Content starts

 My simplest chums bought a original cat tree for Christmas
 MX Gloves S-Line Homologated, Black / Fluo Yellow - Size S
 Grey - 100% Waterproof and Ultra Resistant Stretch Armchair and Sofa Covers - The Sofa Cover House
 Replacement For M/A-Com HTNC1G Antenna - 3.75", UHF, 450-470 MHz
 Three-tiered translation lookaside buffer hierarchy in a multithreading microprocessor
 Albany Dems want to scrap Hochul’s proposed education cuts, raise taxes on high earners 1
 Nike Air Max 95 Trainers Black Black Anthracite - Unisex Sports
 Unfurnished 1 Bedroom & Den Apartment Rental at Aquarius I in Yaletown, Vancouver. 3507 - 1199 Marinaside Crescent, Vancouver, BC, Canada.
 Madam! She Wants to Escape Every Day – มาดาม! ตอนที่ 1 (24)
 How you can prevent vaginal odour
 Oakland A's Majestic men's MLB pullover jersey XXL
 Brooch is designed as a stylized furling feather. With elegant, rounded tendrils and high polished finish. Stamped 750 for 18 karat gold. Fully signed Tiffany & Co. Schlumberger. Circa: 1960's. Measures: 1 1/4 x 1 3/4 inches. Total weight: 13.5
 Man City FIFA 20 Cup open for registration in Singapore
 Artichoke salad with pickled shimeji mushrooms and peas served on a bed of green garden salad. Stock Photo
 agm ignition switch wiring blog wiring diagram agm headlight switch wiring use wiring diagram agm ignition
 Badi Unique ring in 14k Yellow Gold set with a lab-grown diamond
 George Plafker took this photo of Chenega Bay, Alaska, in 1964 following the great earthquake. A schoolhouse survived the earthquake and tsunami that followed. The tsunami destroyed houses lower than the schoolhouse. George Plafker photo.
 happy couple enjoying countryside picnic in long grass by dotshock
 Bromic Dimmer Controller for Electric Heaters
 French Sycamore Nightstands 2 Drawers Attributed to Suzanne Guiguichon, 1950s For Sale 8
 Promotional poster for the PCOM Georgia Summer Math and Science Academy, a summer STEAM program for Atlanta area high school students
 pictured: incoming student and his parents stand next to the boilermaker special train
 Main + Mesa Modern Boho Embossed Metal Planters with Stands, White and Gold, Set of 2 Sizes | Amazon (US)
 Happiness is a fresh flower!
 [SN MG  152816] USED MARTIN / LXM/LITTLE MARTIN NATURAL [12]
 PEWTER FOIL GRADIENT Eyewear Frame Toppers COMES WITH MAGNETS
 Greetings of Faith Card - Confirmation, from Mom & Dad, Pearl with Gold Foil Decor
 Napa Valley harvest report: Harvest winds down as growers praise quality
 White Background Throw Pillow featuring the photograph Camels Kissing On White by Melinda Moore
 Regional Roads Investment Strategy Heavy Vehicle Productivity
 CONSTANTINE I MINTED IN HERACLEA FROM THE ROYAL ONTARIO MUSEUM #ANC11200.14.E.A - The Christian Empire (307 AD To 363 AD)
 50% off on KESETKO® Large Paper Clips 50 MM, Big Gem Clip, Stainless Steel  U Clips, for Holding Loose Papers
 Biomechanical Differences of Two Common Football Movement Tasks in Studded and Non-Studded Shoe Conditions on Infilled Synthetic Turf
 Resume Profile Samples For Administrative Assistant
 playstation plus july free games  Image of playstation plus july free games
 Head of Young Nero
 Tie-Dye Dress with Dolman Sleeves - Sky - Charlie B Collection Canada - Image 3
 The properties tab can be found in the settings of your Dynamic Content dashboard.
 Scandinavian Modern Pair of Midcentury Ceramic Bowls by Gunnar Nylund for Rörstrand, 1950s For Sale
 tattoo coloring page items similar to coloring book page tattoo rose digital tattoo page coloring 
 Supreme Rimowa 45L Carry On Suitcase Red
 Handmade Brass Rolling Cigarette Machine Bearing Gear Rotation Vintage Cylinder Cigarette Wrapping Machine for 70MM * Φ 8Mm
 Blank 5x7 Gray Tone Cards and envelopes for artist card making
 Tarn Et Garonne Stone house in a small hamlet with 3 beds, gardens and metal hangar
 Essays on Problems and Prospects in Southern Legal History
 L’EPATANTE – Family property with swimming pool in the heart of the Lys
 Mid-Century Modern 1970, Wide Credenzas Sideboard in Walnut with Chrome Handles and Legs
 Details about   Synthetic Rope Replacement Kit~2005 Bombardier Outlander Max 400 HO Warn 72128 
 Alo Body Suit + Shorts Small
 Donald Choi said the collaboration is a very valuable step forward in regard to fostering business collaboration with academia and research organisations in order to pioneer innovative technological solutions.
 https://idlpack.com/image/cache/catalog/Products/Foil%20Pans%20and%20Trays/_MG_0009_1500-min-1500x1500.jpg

Content ends

Description of the task
Working from the material above, retype exactly the lines from the one with "Albany Dems want" through the one with "White Background Throw", both included, and only those lines.

Task result
 Albany Dems want to scrap Hochul’s proposed education cuts, raise taxes on high earners 1
 Nike Air Max 95 Trainers Black Black Anthracite - Unisex Sports
 Unfurnished 1 Bedroom & Den Apartment Rental at Aquarius I in Yaletown, Vancouver. 3507 - 1199 Marinaside Crescent, Vancouver, BC, Canada.
 Madam! She Wants to Escape Every Day – มาดาม! ตอนที่ 1 (24)
 How you can prevent vaginal odour
 Oakland A's Majestic men's MLB pullover jersey XXL
 Brooch is designed as a stylized furling feather. With elegant, rounded tendrils and high polished finish. Stamped 750 for 18 karat gold. Fully signed Tiffany & Co. Schlumberger. Circa: 1960's. Measures: 1 1/4 x 1 3/4 inches. Total weight: 13.5
 Man City FIFA 20 Cup open for registration in Singapore
 Artichoke salad with pickled shimeji mushrooms and peas served on a bed of green garden salad. Stock Photo
 agm ignition switch wiring blog wiring diagram agm headlight switch wiring use wiring diagram agm ignition
 Badi Unique ring in 14k Yellow Gold set with a lab-grown diamond
 George Plafker took this photo of Chenega Bay, Alaska, in 1964 following the great earthquake. A schoolhouse survived the earthquake and tsunami that followed. The tsunami destroyed houses lower than the schoolhouse. George Plafker photo.
 happy couple enjoying countryside picnic in long grass by dotshock
 Bromic Dimmer Controller for Electric Heaters
 French Sycamore Nightstands 2 Drawers Attributed to Suzanne Guiguichon, 1950s For Sale 8
 Promotional poster for the PCOM Georgia Summer Math and Science Academy, a summer STEAM program for Atlanta area high school students
 pictured: incoming student and his parents stand next to the boilermaker special train
 Main + Mesa Modern Boho Embossed Metal Planters with Stands, White and Gold, Set of 2 Sizes | Amazon (US)
 Happiness is a fresh flower!
 [SN MG  152816] USED MARTIN / LXM/LITTLE MARTIN NATURAL [12]
 PEWTER FOIL GRADIENT Eyewear Frame Toppers COMES WITH MAGNETS
 Greetings of Faith Card - Confirmation, from Mom & Dad, Pearl with Gold Foil Decor
 Napa Valley harvest report: Harvest winds down as growers praise quality
 White Background Throw Pillow featuring the photograph Camels Kissing On White by Melinda Moore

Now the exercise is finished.